Teddie, the hero of c3, has lived in my head since 2010 and I always knew what she could do, but I didn’t know what to call it. The other members of my superhero family have easy to name skills. We have a telepathic mom. Dad, who is a former athlete, can slow down the passage of time, making him appear quicker and more physical skilled than he really is. I call him a time warper. Big brother Zane has learned to morph his own appearance, becoming something of a real life shape changer.
But Teddie? Well, she can become invisible, I would tell people. And she can teleport somehow. Like she can be anywhere she wants and no one can see her. It’s possible. Trust me.
Why care if it is possible? Well, these are magical realism books, written so as to hopefully convince my readers that they just maybe could happen in the world in which we live. How am I ever going to convince a reader that a character could both turn invisible and teleport to anywhere, I wondered as I began to write the story.
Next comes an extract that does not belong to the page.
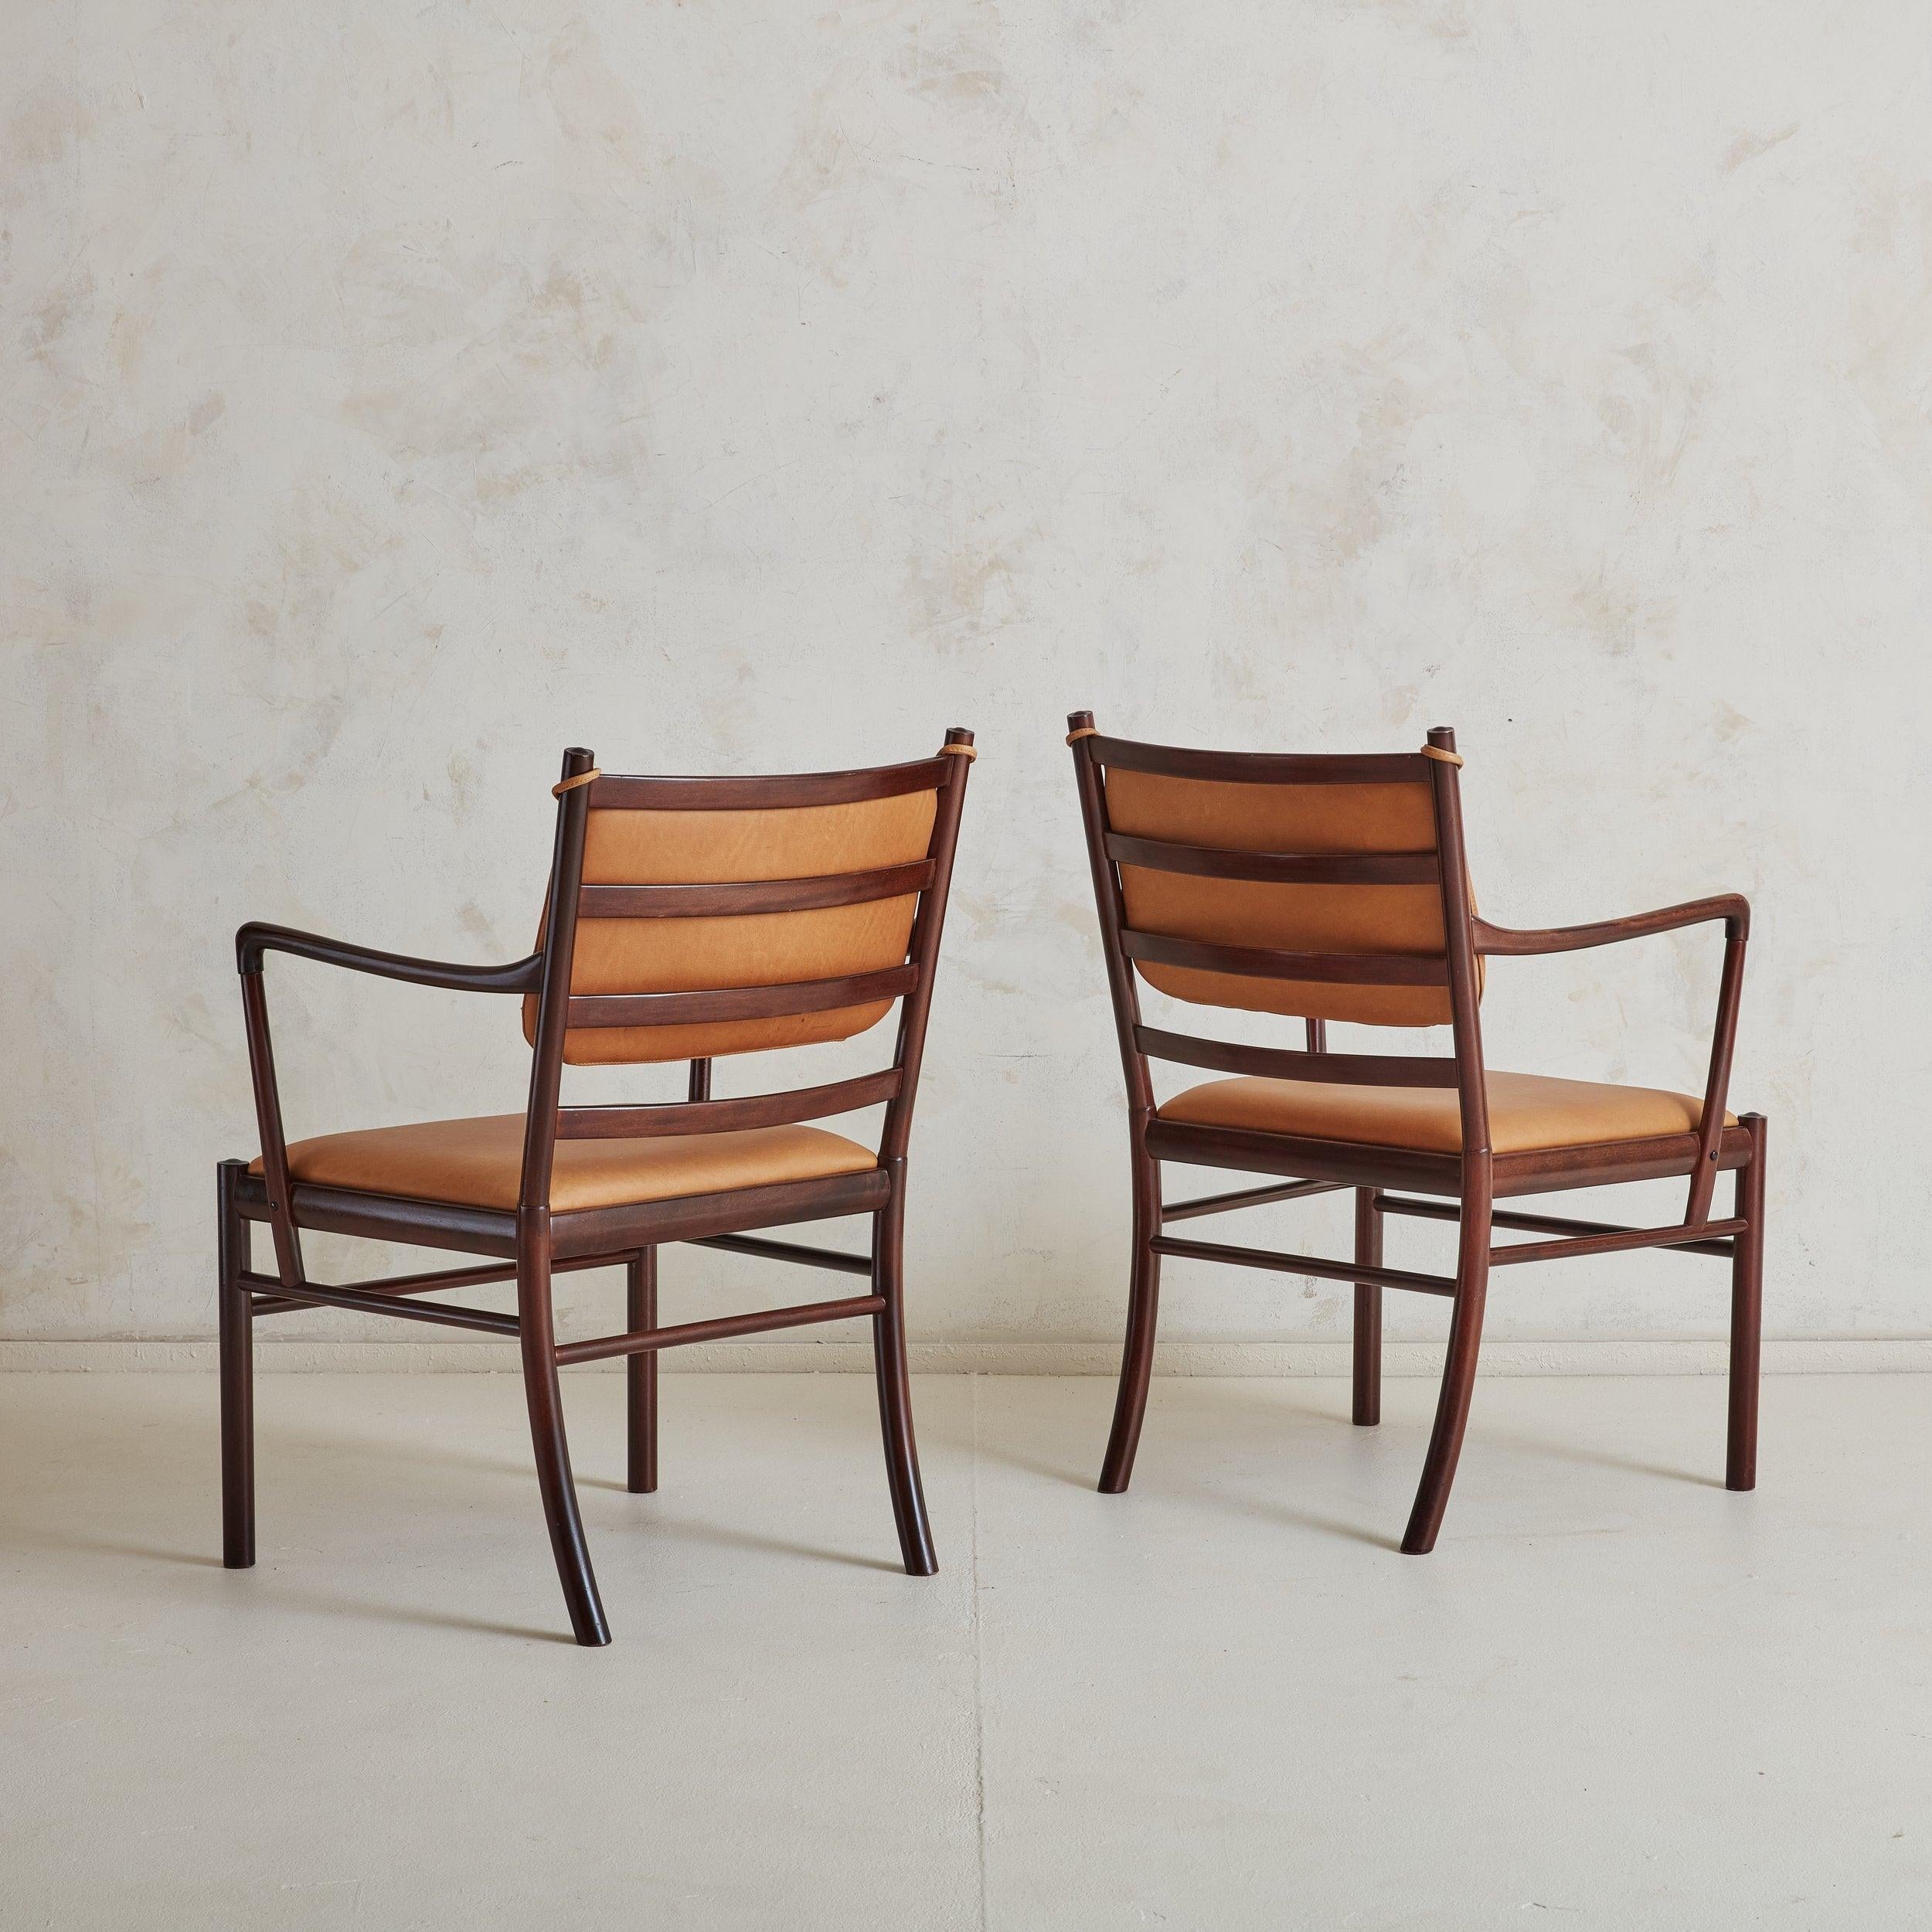 An elegant pair of Danish Modern ‘Colonial’ armchairs designed by Ole Wanscher in the 1960s. These armchairs feature slim mahogany frames in a polished burgundy finish, camel toned leather seats, and matching removable back cushions. A fantastic

Then it hit me. Her body doesn’t have to go anywhere. Just like Edgar Rice Burroughs sent his hero John Carter to Mars via some sort of astral projection, my hero could do the same. So I began to study astral projection and learned that it wasn’t quite what I wanted either. Teddie doesn’t need to go to some other plane of existence.
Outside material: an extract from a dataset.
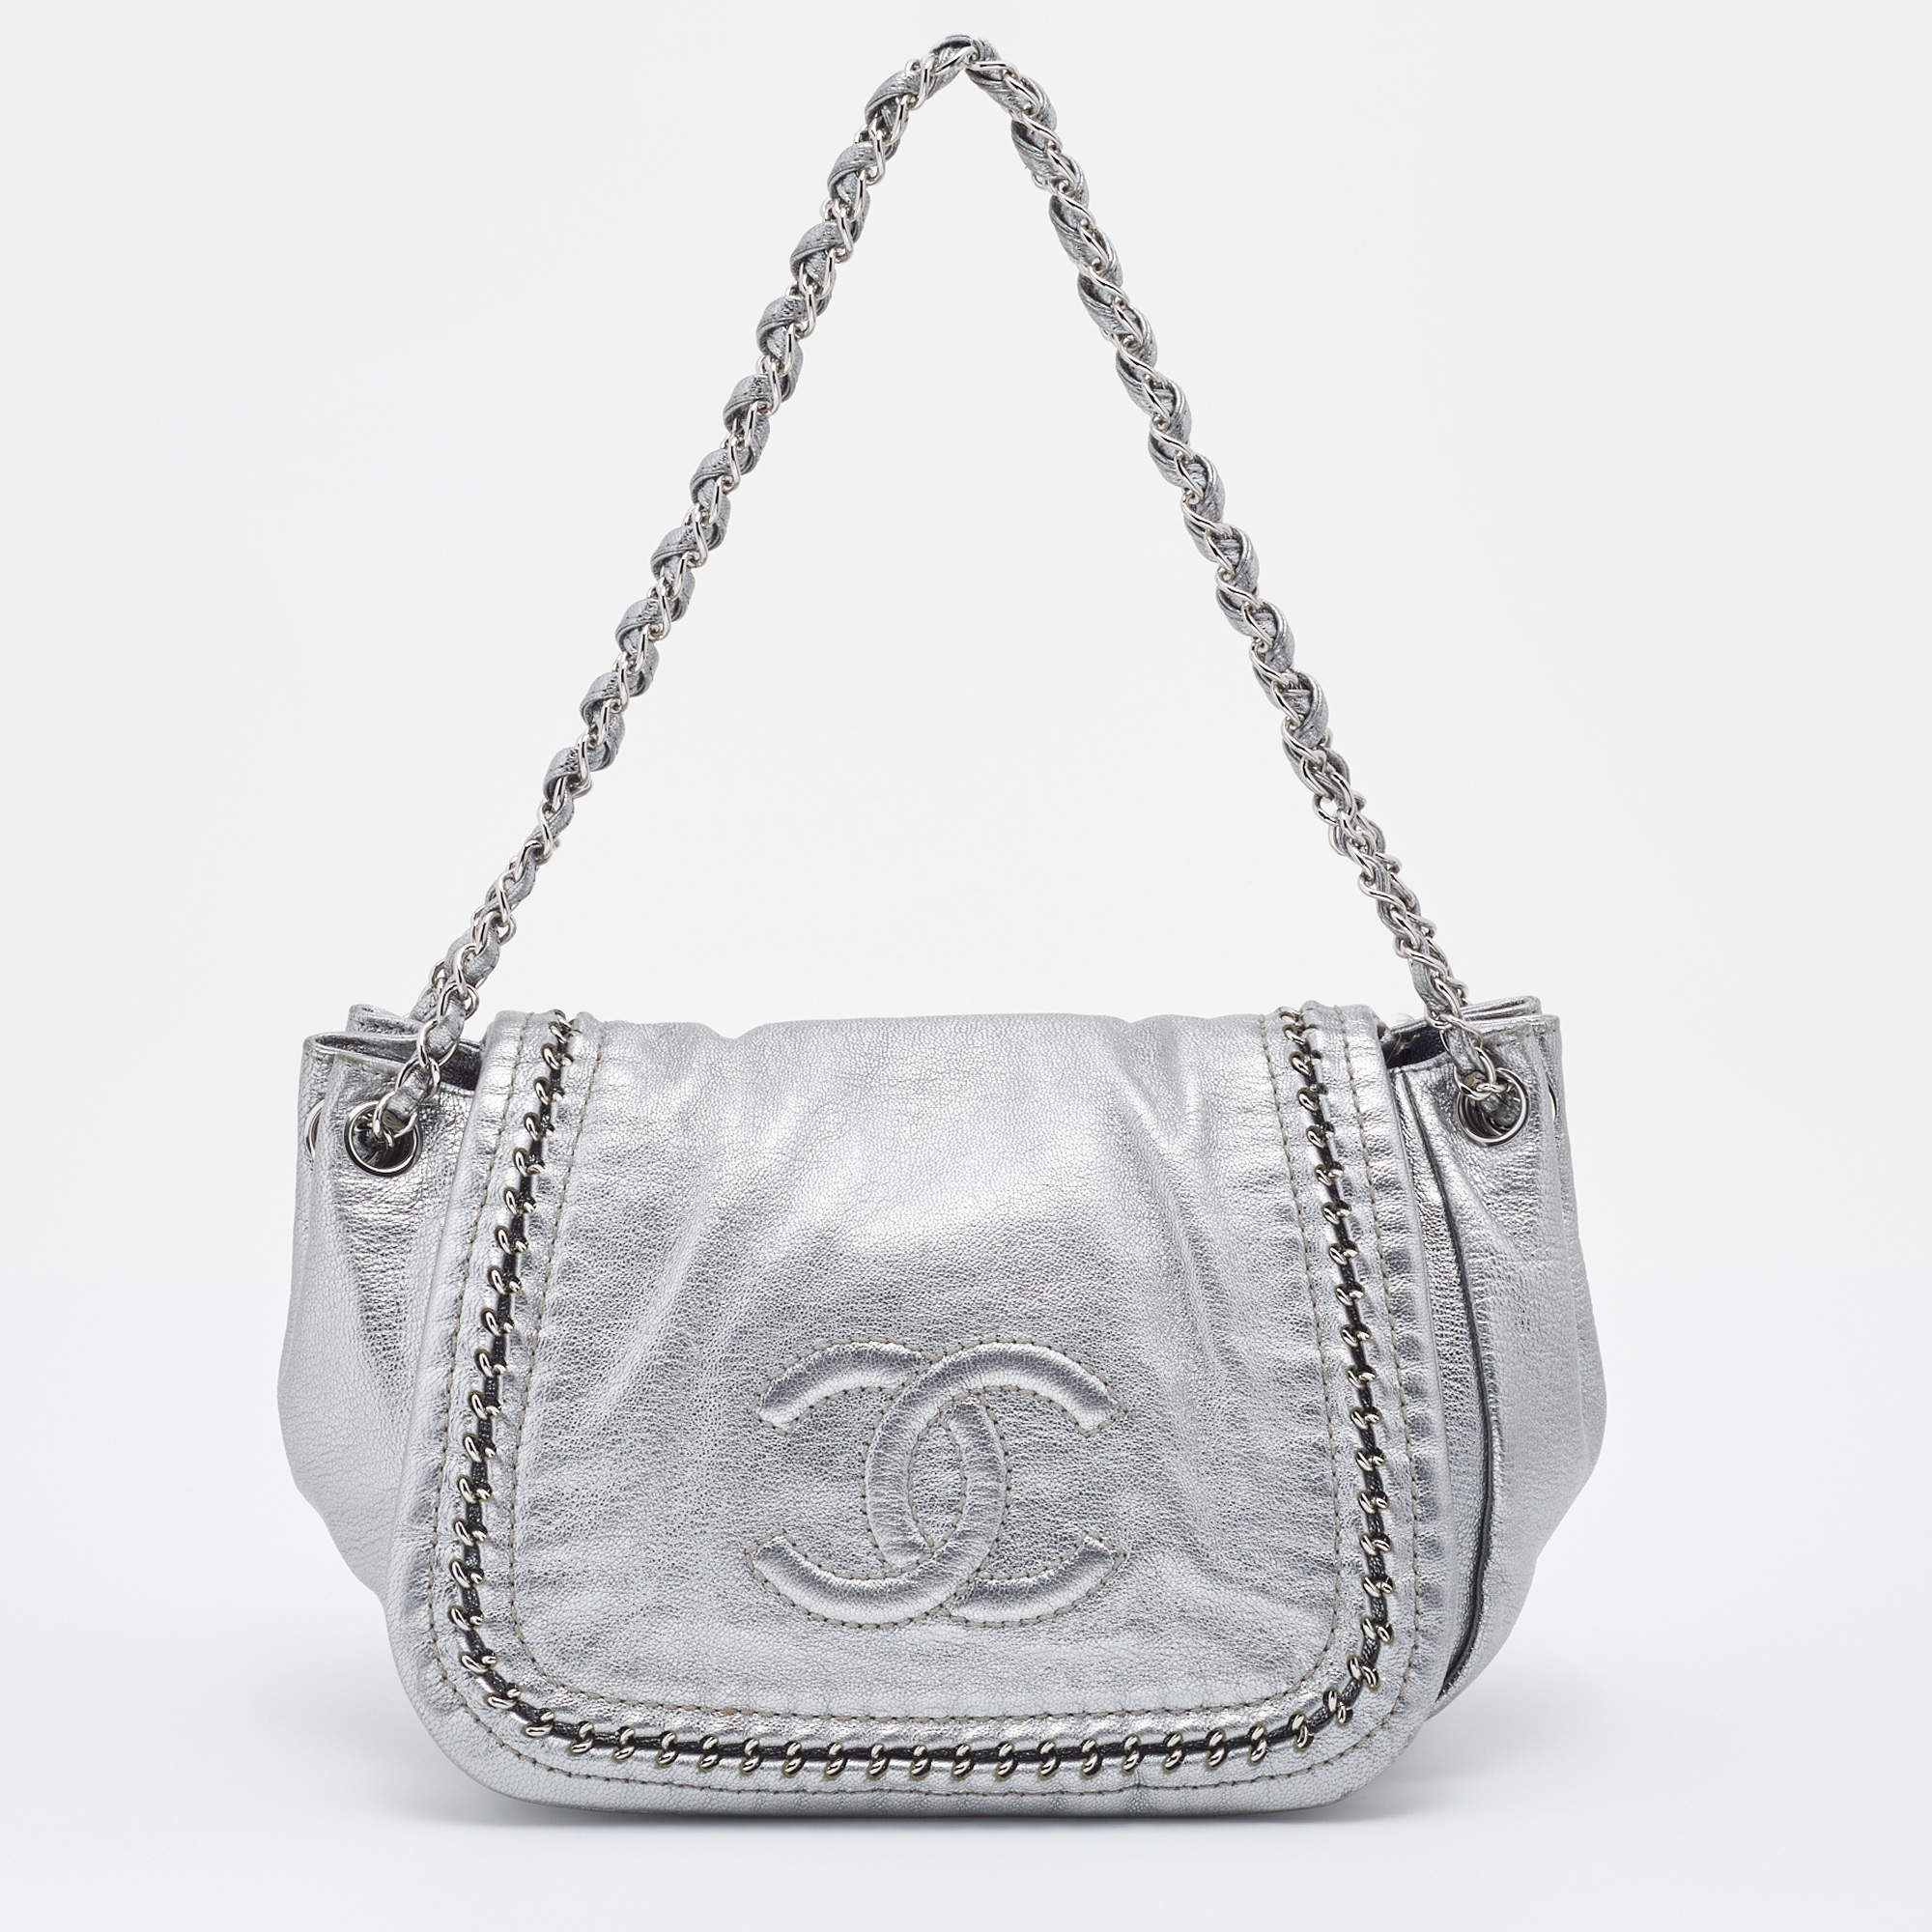 Chanel Luxe Ligne Accordion Flap Bag Leather Silver 497214

An out of body experience was what I was after. Did you know that there are books out there that will train you on how to have an out of body experience, and the internet is full of people happy to describe their own adventures doing the same? I didn’t, but I ran into something similar while writing x0 and researching telepathy. Both times I had to ask myself — do I believe any of this? Does it matter if I believe it?
I am a scientist in my real job, a geophysicist to be specific. I believe in the laws of nature and my default mode is skeptical. Thanks to my background, though, I also know that the universe behaves in many strange ways that we can’t explain, and that the more physics you know the stranger some of it gets.
So, I don’t know. Maybe a real life Teddie exists out there.In fact, maybe an entire c3 organization does. My assessment is that almost anything is possible. Probably a lot of these folks describing out of body experiences are just very imaginative people, and the answer lies in how they choose to see things. Maybe a few of them actually are scam artists or out-and-out deluded but certainly not all of them by any means. Given that, I did my best to treat the people I encountered with respect and the subject matter itself with an open mind.
No, I haven’t actually tried the training to induce an out-of-body experience, and I’m not sure if I ever will. I may be a little like my character Amy, recognizing that for me the state of not knowing for sure is sometimes a good one. Besides, I’m on to writing the next book now, as Teddie’s big sister Ariel struggles with seeing the future. Can anyone actually predict what will happen? If so, how does it work? I’m busy trying to figure it out.